The argument that regulating wireless messaging under Title II was necessary to prevent indiscriminant message blocking was also painfully out of step with the thinking of the current Commission, which is on a text spam blocking-at-any- cost mission. In that regard, the draft explicitly noted that “classifying SMS and MMS as Title II telecommunications services would harm those efforts and open the floodgates to unwanted messages—drowning consumers in spam at precisely the moment when their tolerance for such messages is at an all-time low.”
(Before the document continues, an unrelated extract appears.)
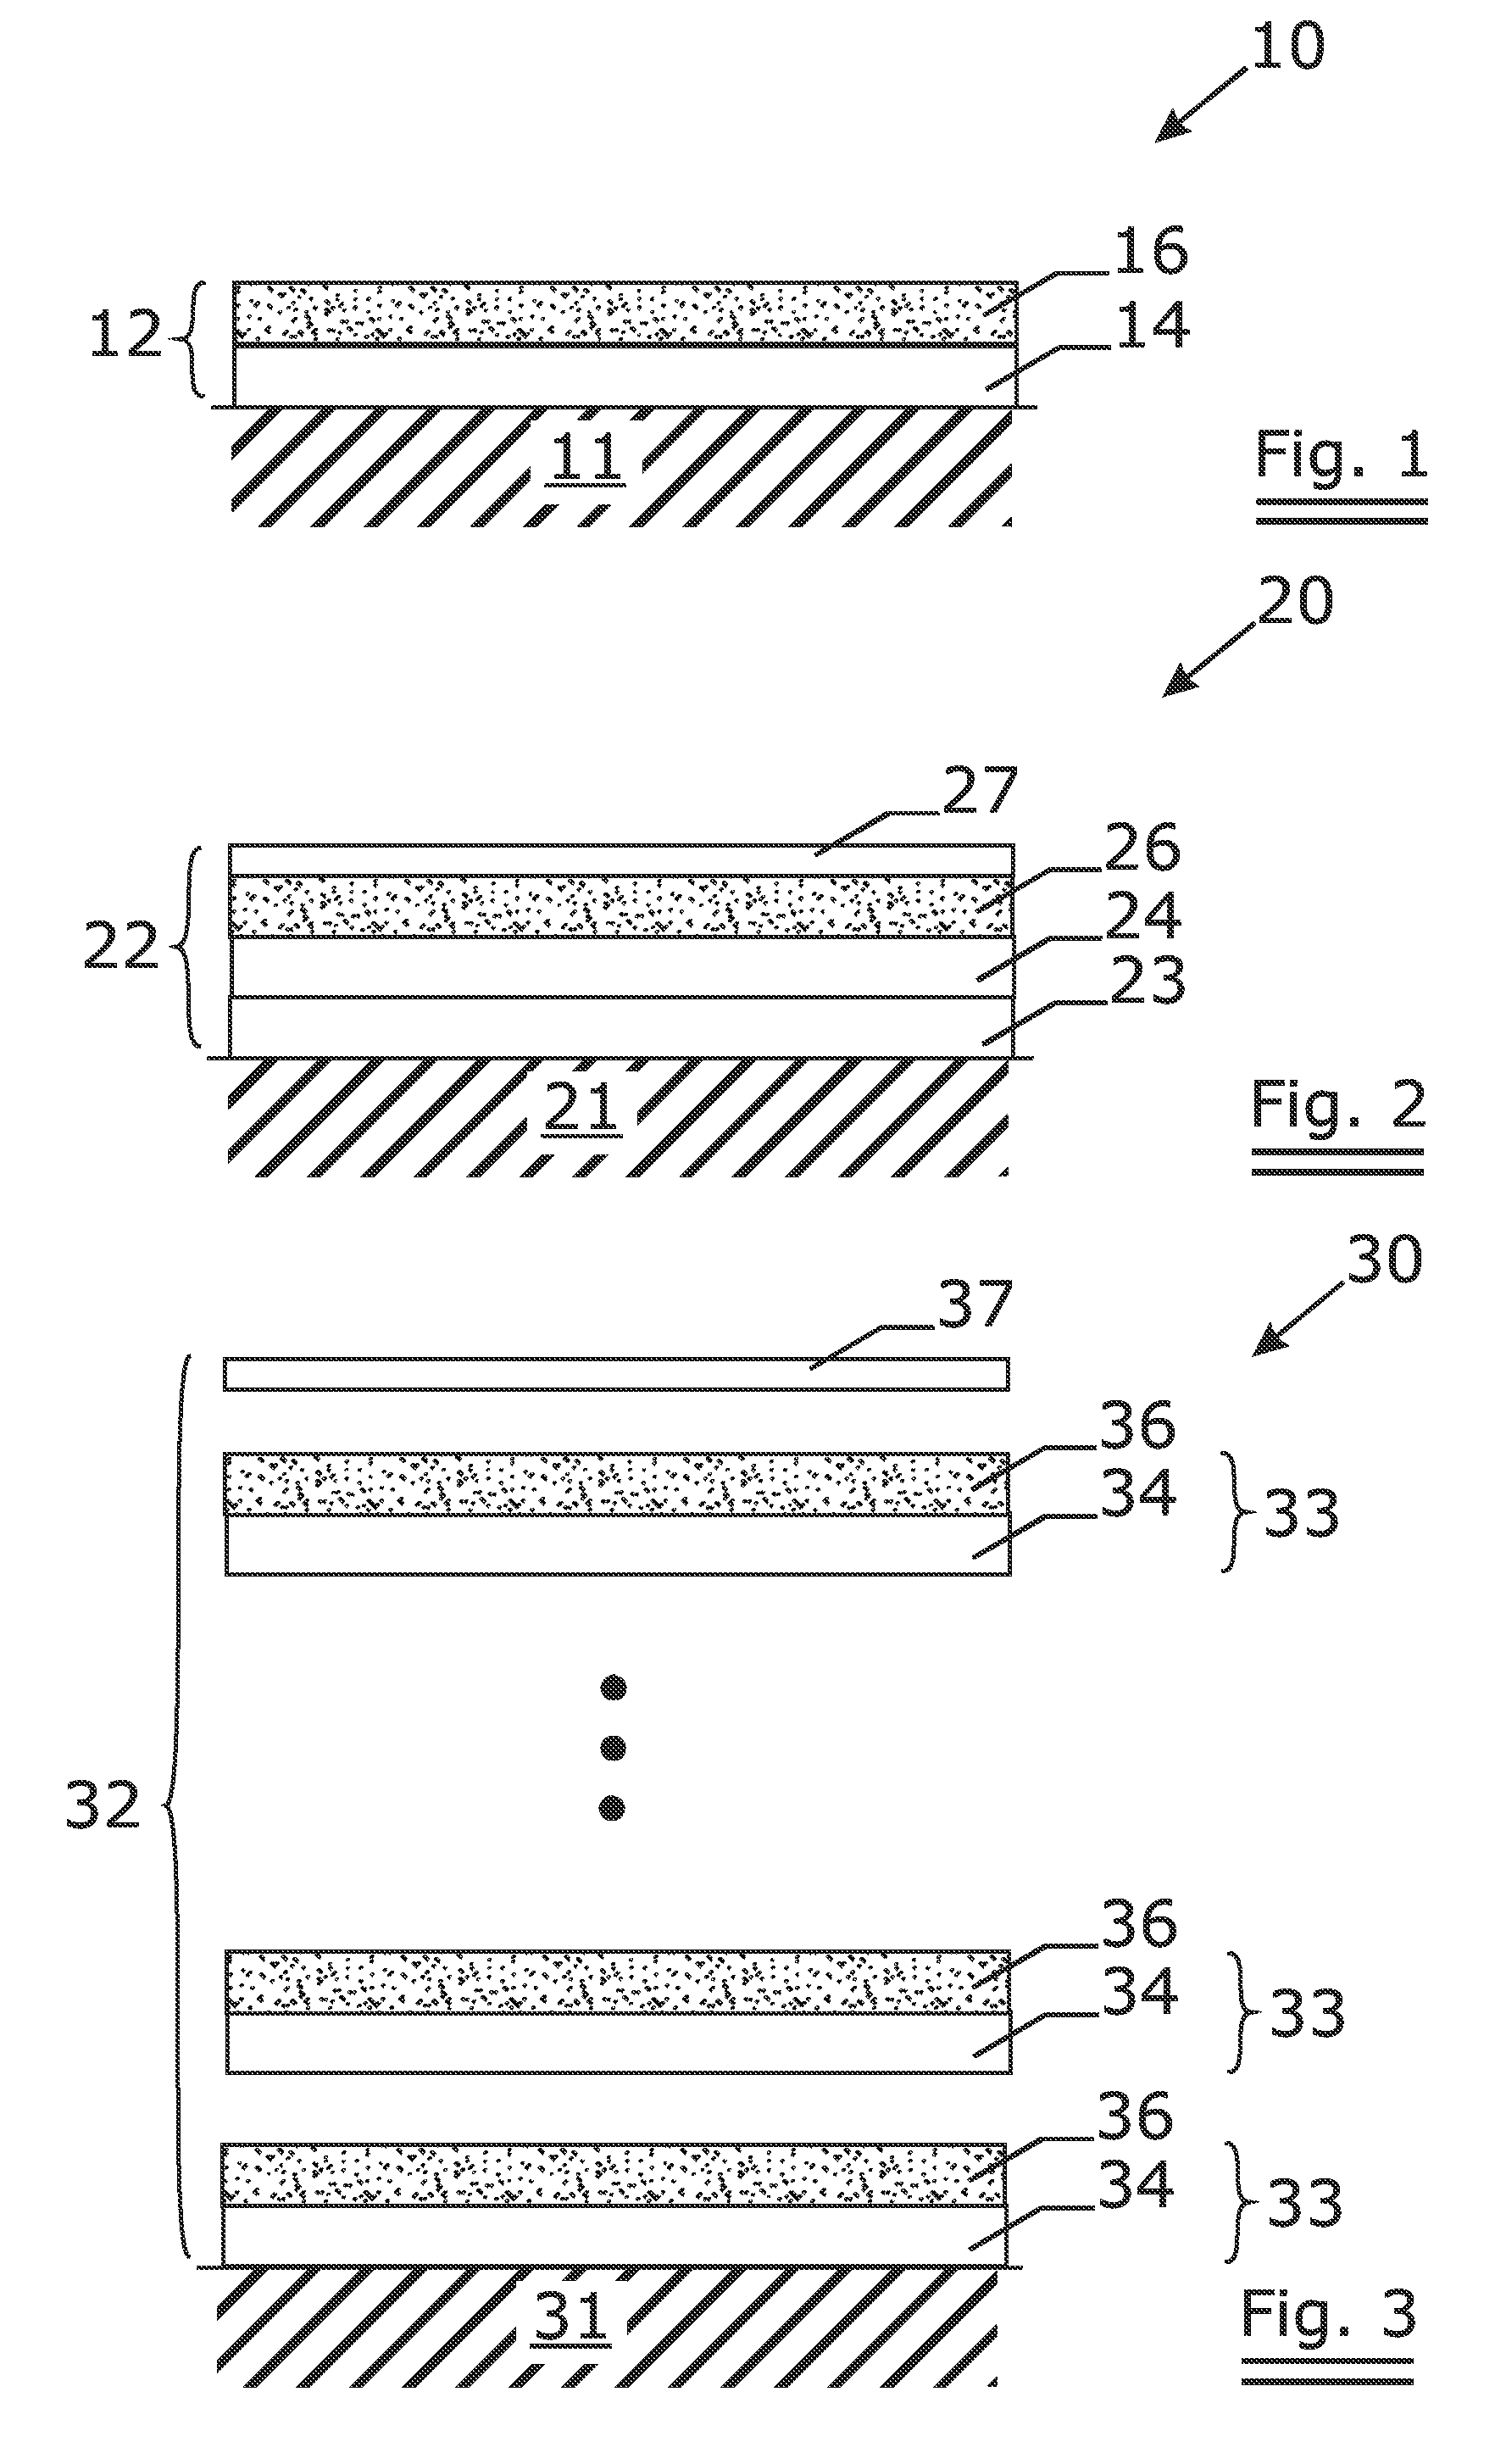 Substrate coated with a layered structure comprising a tetrahedral carbon coating
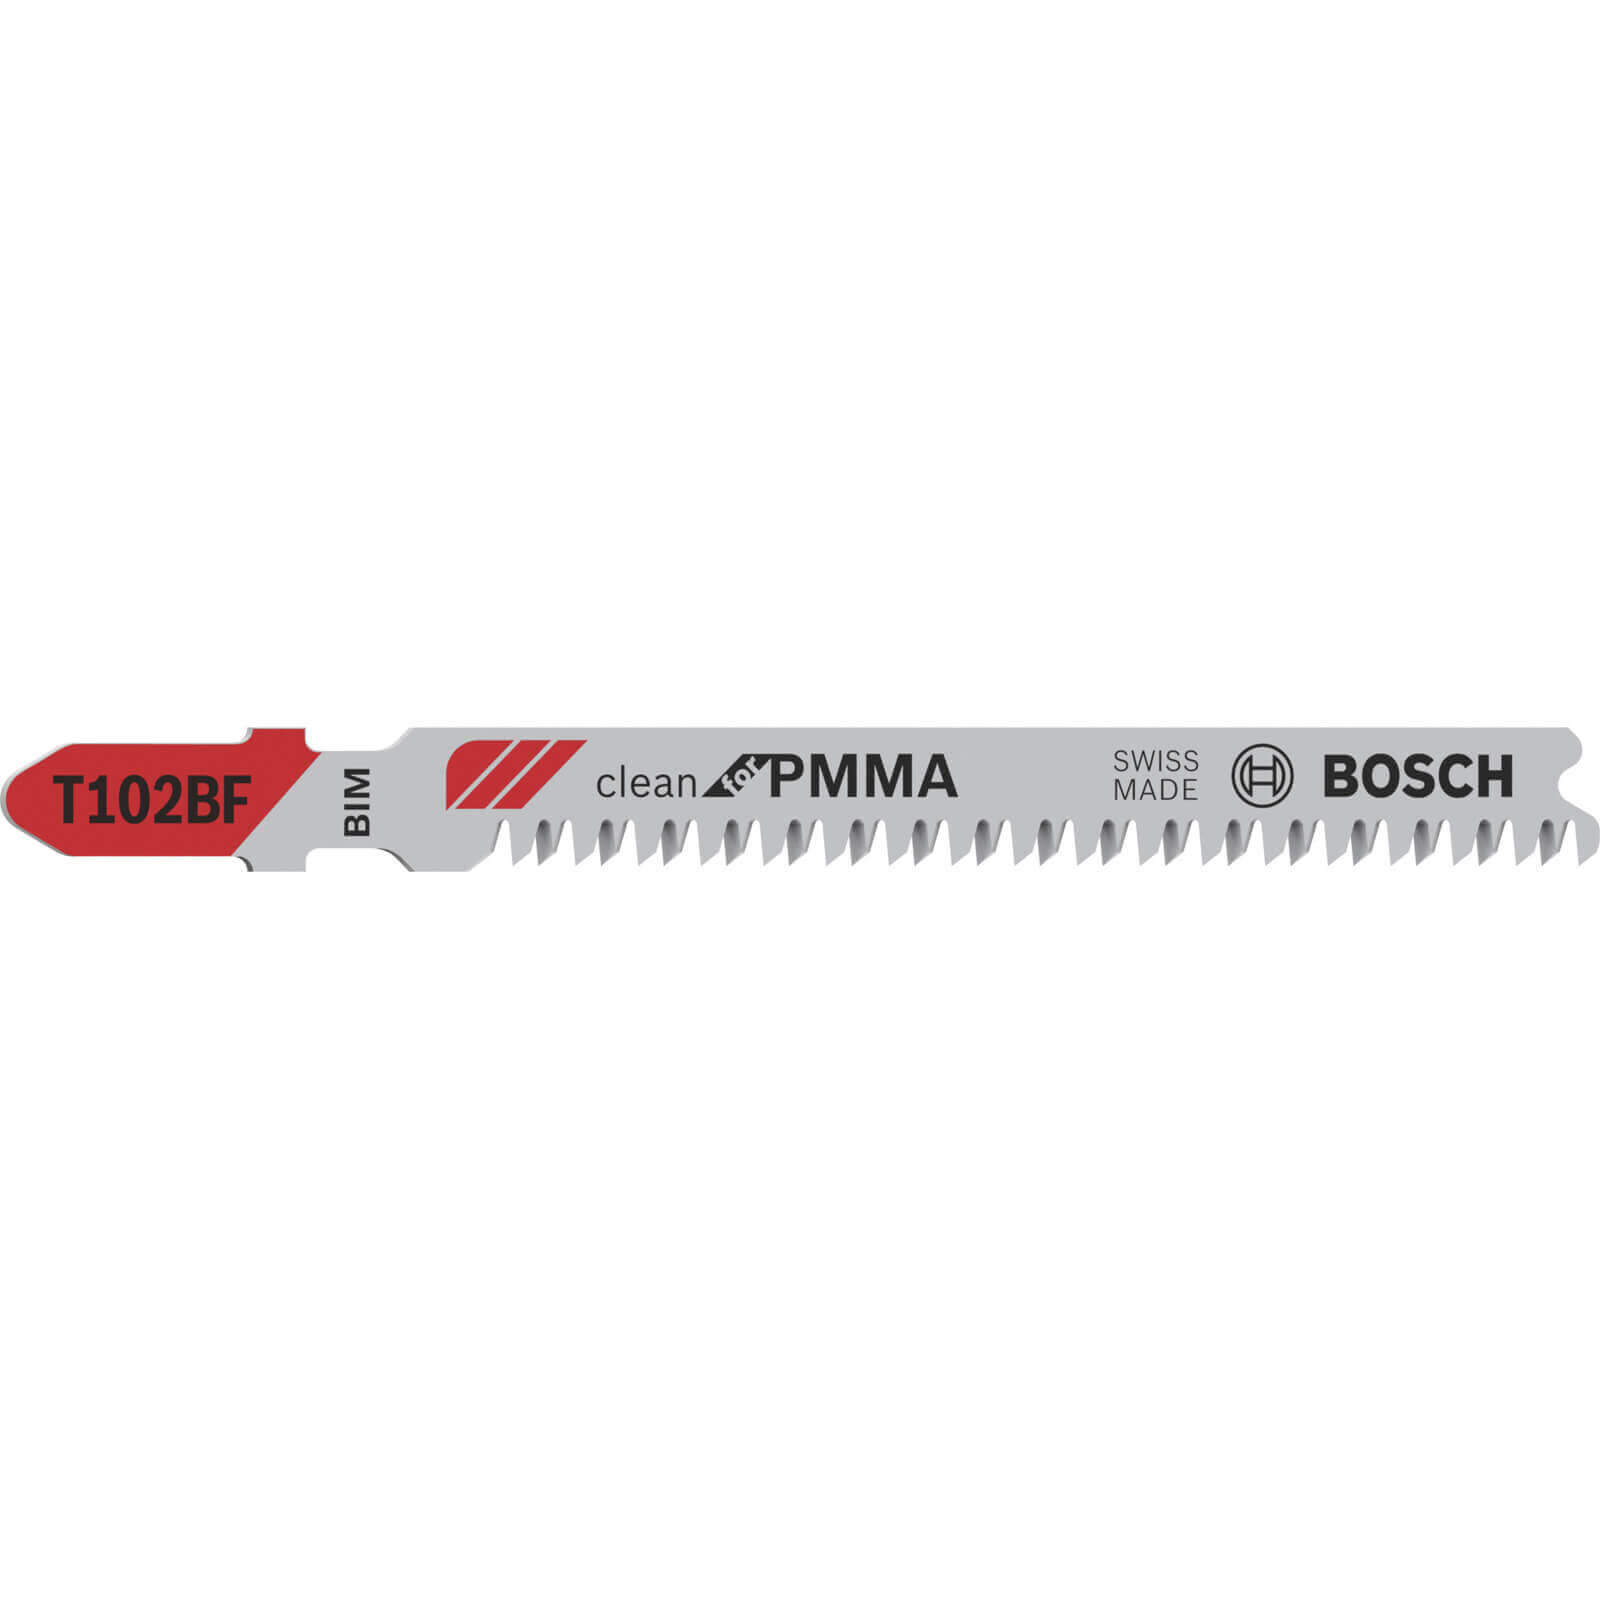 Photos - Power Tool Accessory Bosch T102BF Plastic Perspex Cutting Jigsaw Blade Pack of 5 2608636781

But wait you say, “how can the Commission reclassify wireless messaging as an information service, but still treat a text message as a call for purposes of the TCPA’s prohibitions on auto-dialed calls to wireless numbers absent consent?” Obviously, if reclassifying wireless messaging as an information service outside the scope of Title II, would mean that messages were no longer calls under the TCPA, that would pretty much defeat the point of the whole exercise. Sure, wireless carriers could continue to deploy robust blocking solutions, but violations would no longer be subject to the TCPA. (Not that we in TCPAland would mind such an outcome, and perhaps this lays the groundwork for a new defense angle if the declaratory ruling is adopted?).
Well, beyond the old adage that, “consistency is the hobgoblin of little minds,” this argument was actually considered and rejected by the draft item, which found no such inconsistency between treating wireless messaging as an information service, and the Commission’s finding that texts are calls for TCPA purposes. Rather the draft found that the text/call decision was merely clarifying the meaning of the undefined term “call” in the TCPA in order to address the obligations that apply to telemarketers and other callers, and was in no manner addressing the regulatory classification of texting services under the Communications Act.
The December open meeting at the Commission is always a festive one, and perhaps this year we’ll be getting a little early holiday cheer in TCPAland, with some indications of good things to come. We will, of course, be watching closely, and will keep you posted.